Optimization-based Implicit Deep Learning, Theory and Applications

基于优化的隐式深度学习、理论与应用

• 批准号: 2309810
• 负责人: Samy Wu Fung
• 金额: $ 29.5万
• 依托单位: Colorado School of Mines
• 依托单位国家: 美国
• 项目类别: Continuing Grant
• 财政年份: 2023
• 资助国家: 美国
• 起止时间: 2023-07-15 至 2026-06-30
• 项目状态: 未结题
• 来源: https://www.nsf.gov/awardsearch/showAward?AWD_ID=2309810&HistoricalAwards=false
• 关键词: Optimization; based; Implicit; Deep; Learning

The past decade has seen remarkable success in deep learning. However, a significant challenge in today's era is to ensure interpretability and reliability in these models. In various applications, deep neural networks (DNNs) need to provide guarantees on their outputs, such as maintaining a self-driving car within its lane. On the other hand, many of these tasks can be formulated as optimization problems, where optimization algorithms offer interpretable and reliable solutions. Unfortunately, these models do not leverage data and thus fall short of state-of-the-art deep learning models. This research will address enhancing interpretability and reliability in deep learning methods and improve public safety when such learning methods are applied. In addition, the project will provide valuable educational opportunities for students involved. Participants will gain knowledge in inverse problems, optimization, and machine learning, which are transferable skills applicable in academia, government, and industry. The project aims to develop a framework that combines the interpretability and reliability of optimization algorithms with the design and training of DNNs. The primary focus is on implicit networks, a type of DNNs that determines their outputs implicitly through fixed point or optimality conditions, rather than a fixed number of computations like traditional DNNs with a set number of layers. This integration of optimization algorithms into implicit networks is referred to as implicit learning-to-optimize (L2O) networks. Implicit L2O networks have the potential to overcome the limitations of traditional DNNs, including their lack of reliability and interpretability. However, training and designing implicit L2O models present additional challenges that hinder their widespread adoption. To address these challenges, the research aims to develop a universal implicit L2O framework.This award reflects NSF's statutory mission and has been deemed worthy of support through evaluation using the Foundation's intellectual merit and broader impacts review criteria.

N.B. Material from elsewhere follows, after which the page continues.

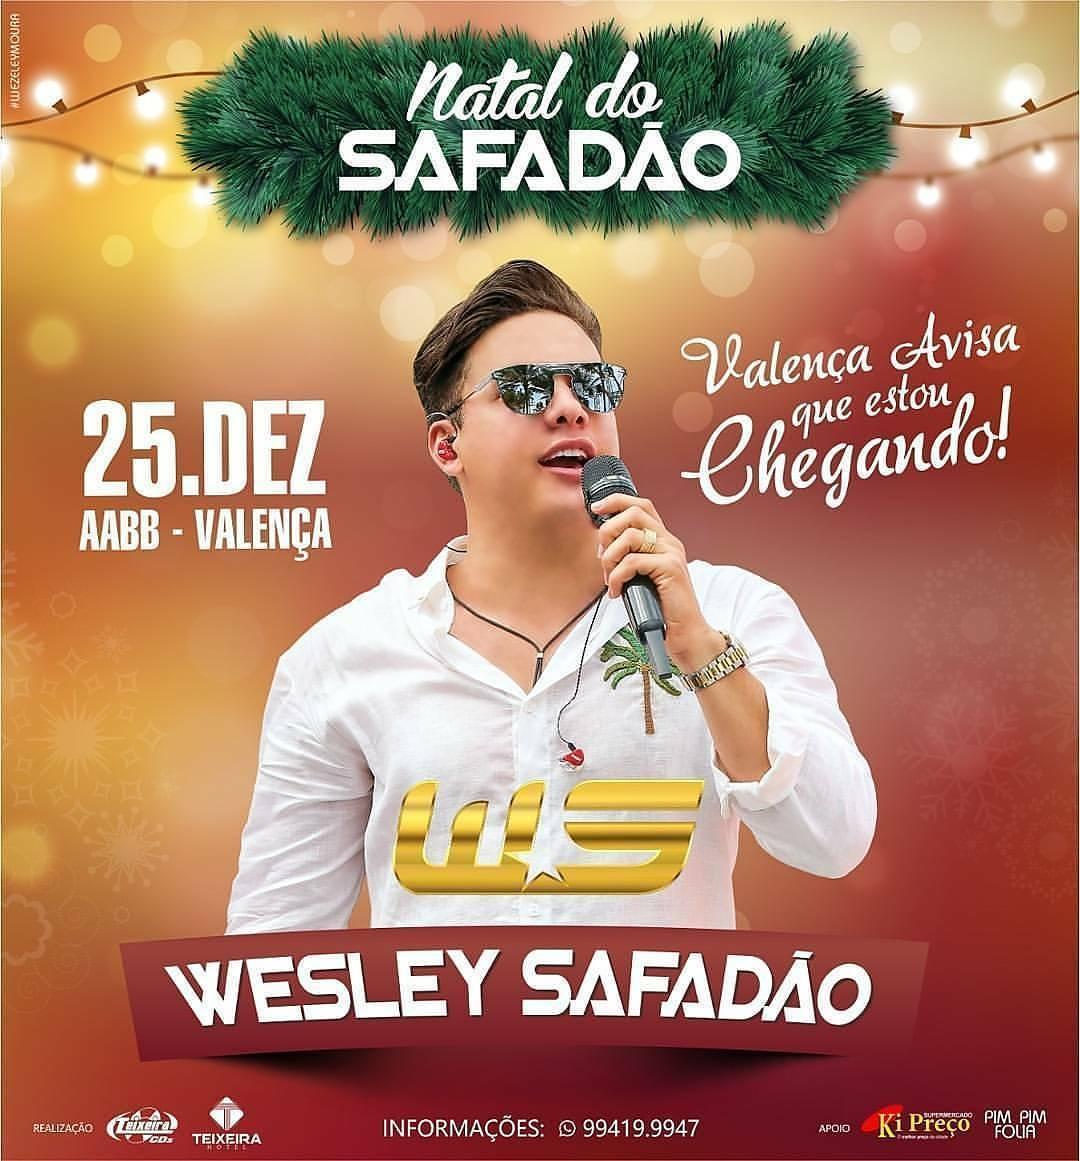 8a208c72293b6 Confirmado Natal do Safadão, o evento acontece no dia 25 de dezembro, na  AABB, em Valença-PI.
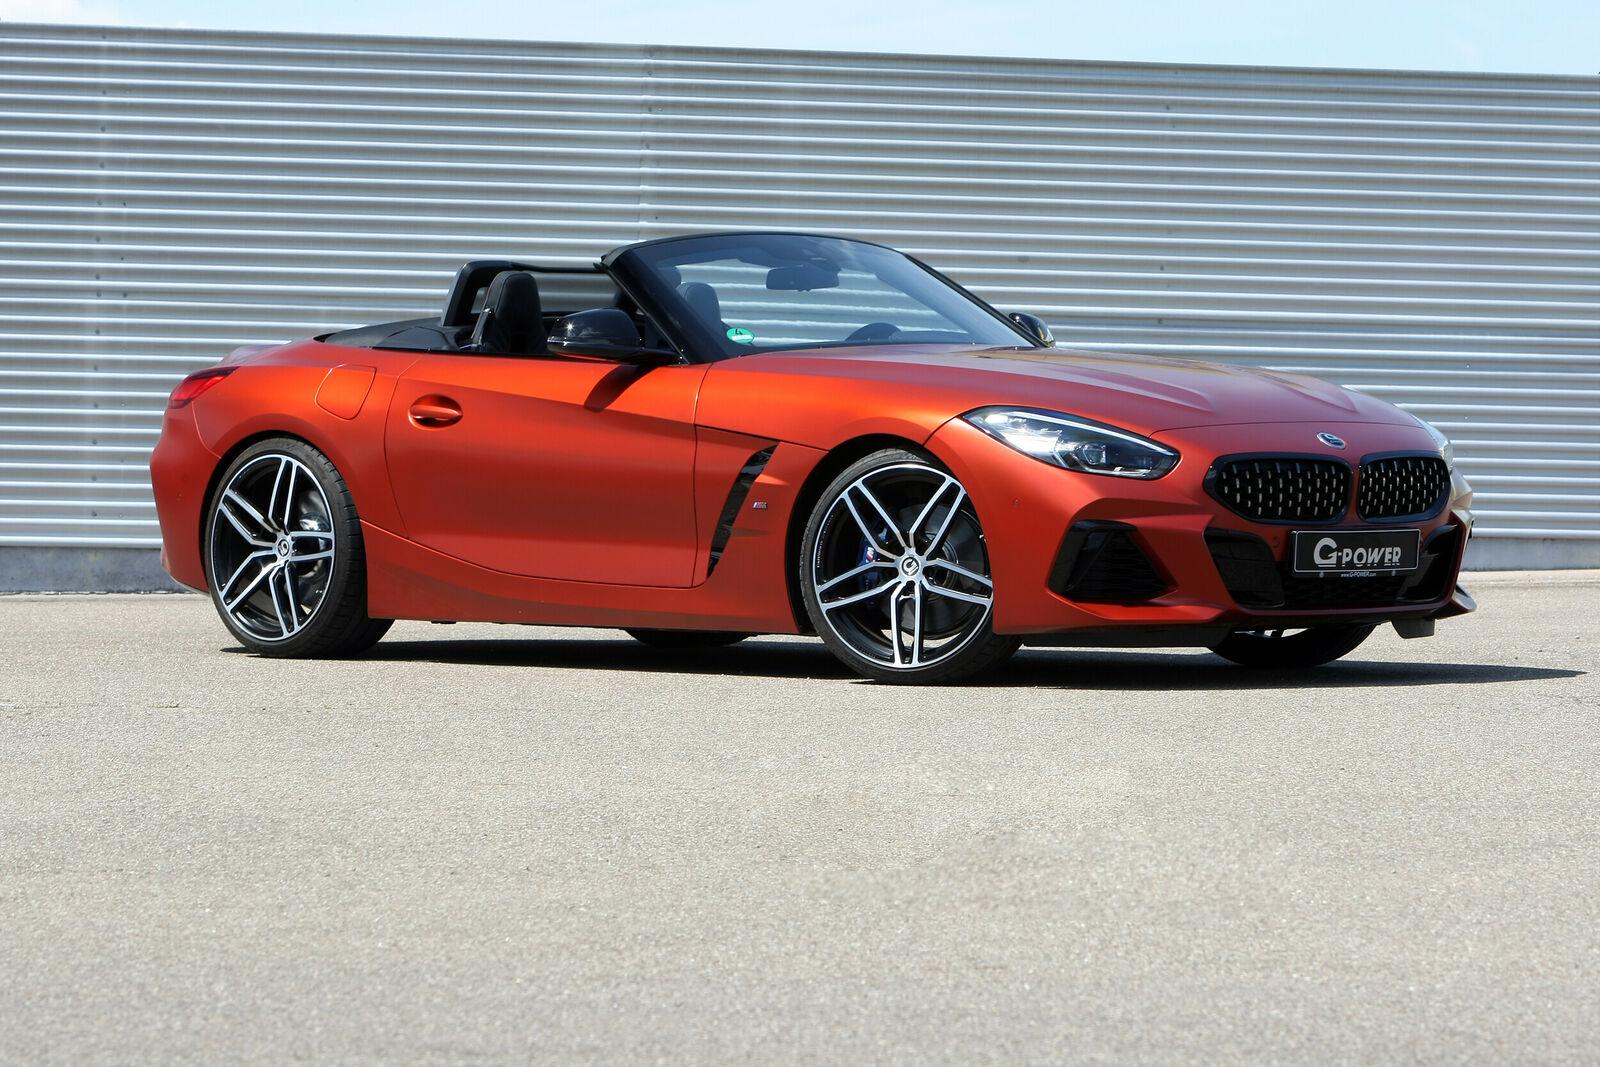 2020 BMW Z4 M Roadster Release Date

在过去的十年里，深度学习取得了巨大的成功。然而，当今时代的一个重大挑战是确保这些模型的可解释性和可靠性。在各种应用中，深度神经网络（DNN）需要为其输出提供保证，例如将自动驾驶汽车保持在车道内。另一方面，这些任务中的许多可以被公式化为优化问题，其中优化算法提供可解释和可靠的解决方案。不幸的是，这些模型没有利用数据，因此达不到最先进的深度学习模型。这项研究将解决增强深度学习方法的可解释性和可靠性的问题，并在应用此类学习方法时改善公共安全。此外，该项目将为参与的学生提供宝贵的教育机会。参与者将获得逆问题，优化和机器学习方面的知识，这些知识是适用于学术界，政府和工业界的可转移技能。该项目旨在开发一个框架，将优化算法的可解释性和可靠性与DNN的设计和训练相结合。主要关注的是隐式网络，这是一种DNN，它通过固定点或最优性条件隐式地确定其输出，而不是像传统DNN那样具有固定层数的固定数量的计算。将优化算法集成到隐式网络中称为隐式学习优化（L2O）网络。隐式L2O网络有可能克服传统DNN的局限性，包括缺乏可靠性和可解释性。然而，训练和设计隐式L2O模型带来了额外的挑战，阻碍了它们的广泛采用。为了应对这些挑战，该研究旨在开发一个通用的隐含L2O框架。该奖项反映了NSF的法定使命，并通过使用基金会的知识价值和更广泛的影响审查标准进行评估，被认为值得支持。